# Combined Cloud Spend by Region and Service

> Region by region. Service by service. Where does the money go?

Canonical URL: <https://datadriven.io/problems/combined_cloud_spend_by_region_and_service>

Domain: SQL · Difficulty: medium · Seniority: L4

## Problem

The FinOps team wants a unified view of cloud spending across both the actual cost records and the internal allocation records. Combine both sources, remove duplicate line items, exclude rows missing an amount or region, and show the total spend for each region-service combination, sorted from highest to lowest.

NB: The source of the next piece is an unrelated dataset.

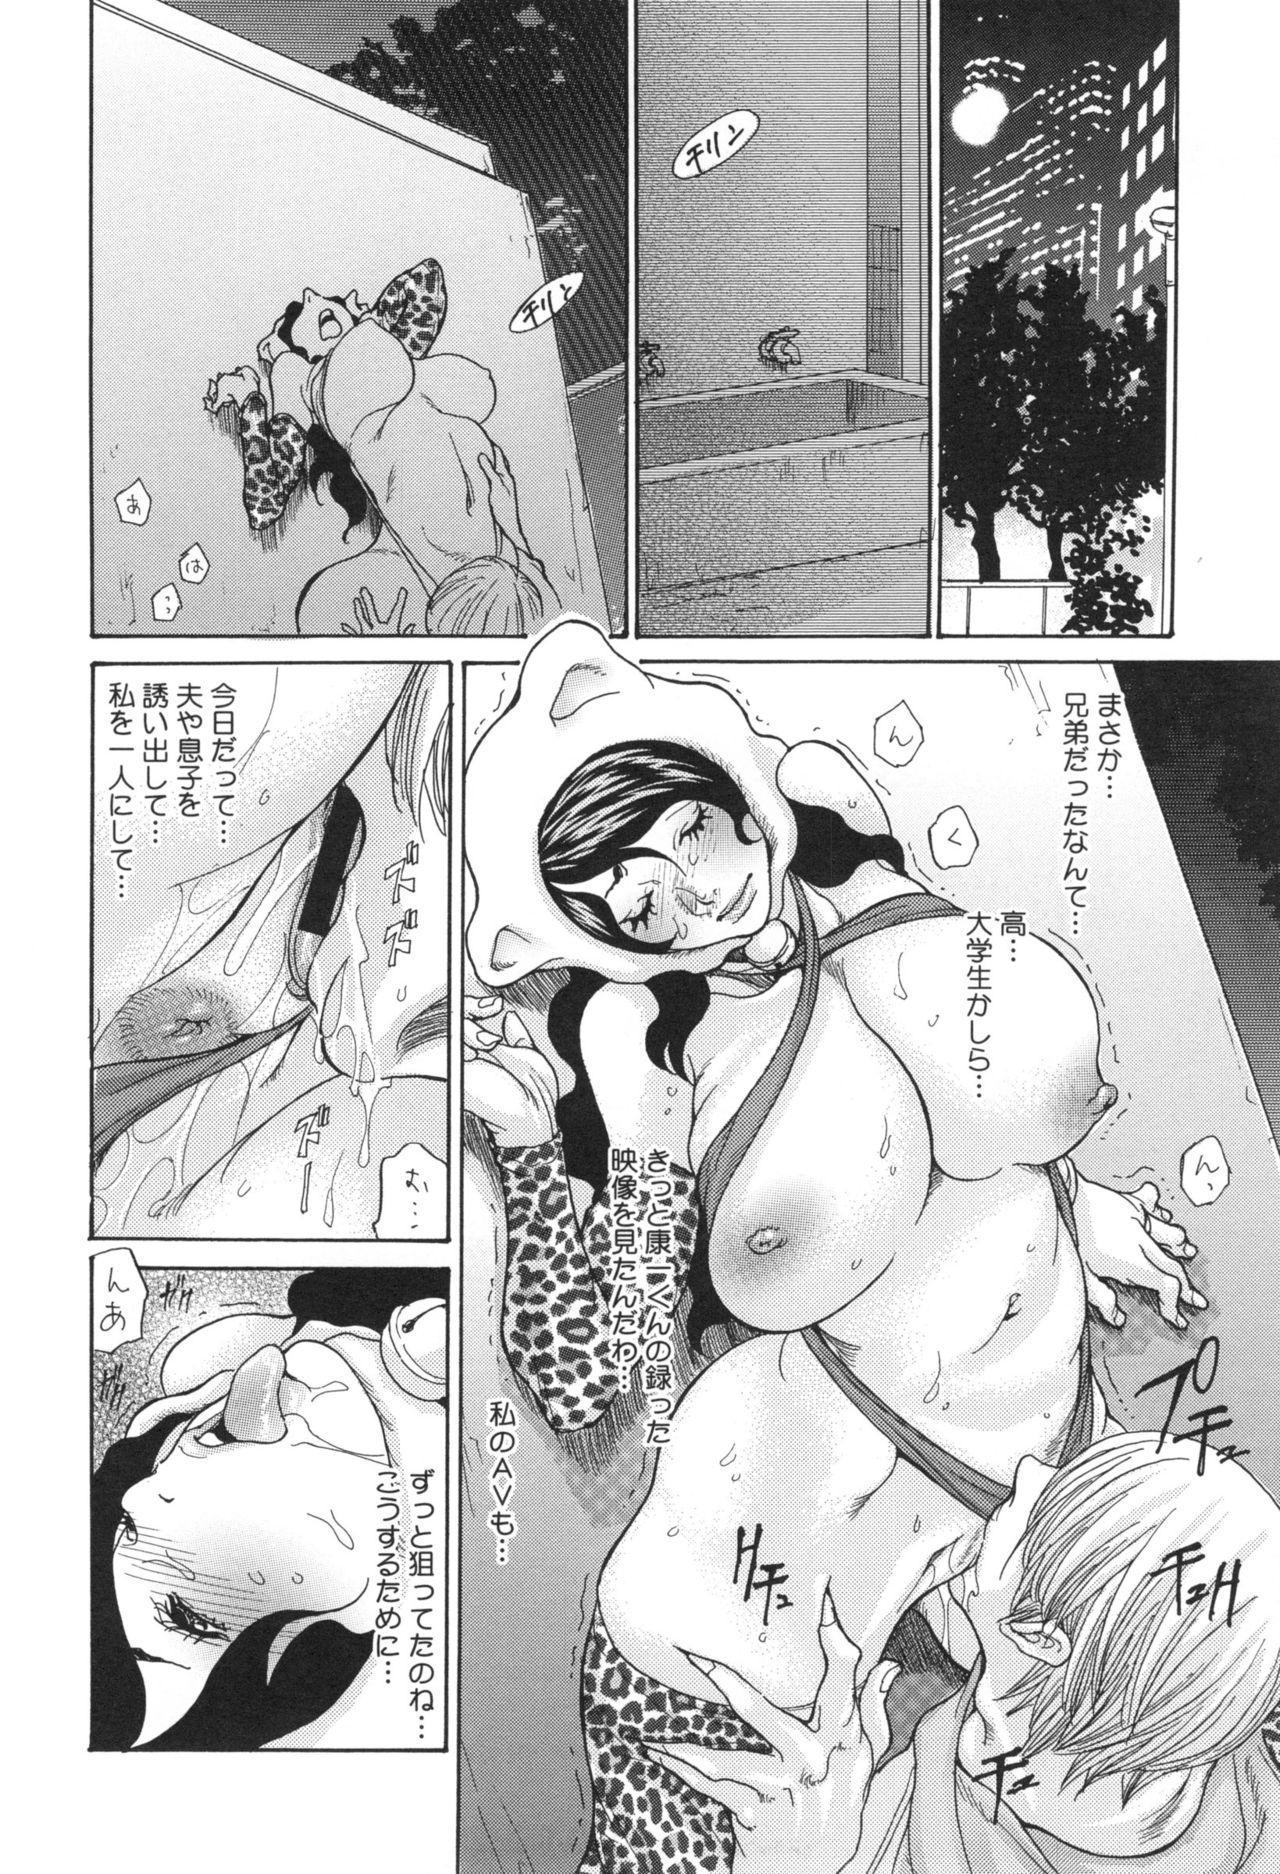 Niku-zuma Netorare Maniacs 182

## Worked solution and explanation

### Why this problem exists in real interviews

This tests UNION ALL with deduplication, NULL filtering, and GROUP BY. The combination of merging heterogeneous tables, cleaning data, and aggregating is a realistic data engineering workflow.

---

### Break down the requirements

#### Step 1: Union the two tables

Select `region`, `svc_name`, `amount` from both `cloud_costs` and `cost_allocs`, using UNION to remove duplicates.

#### Step 2: Filter out NULLs

Exclude rows where `amount IS NULL OR region IS NULL`.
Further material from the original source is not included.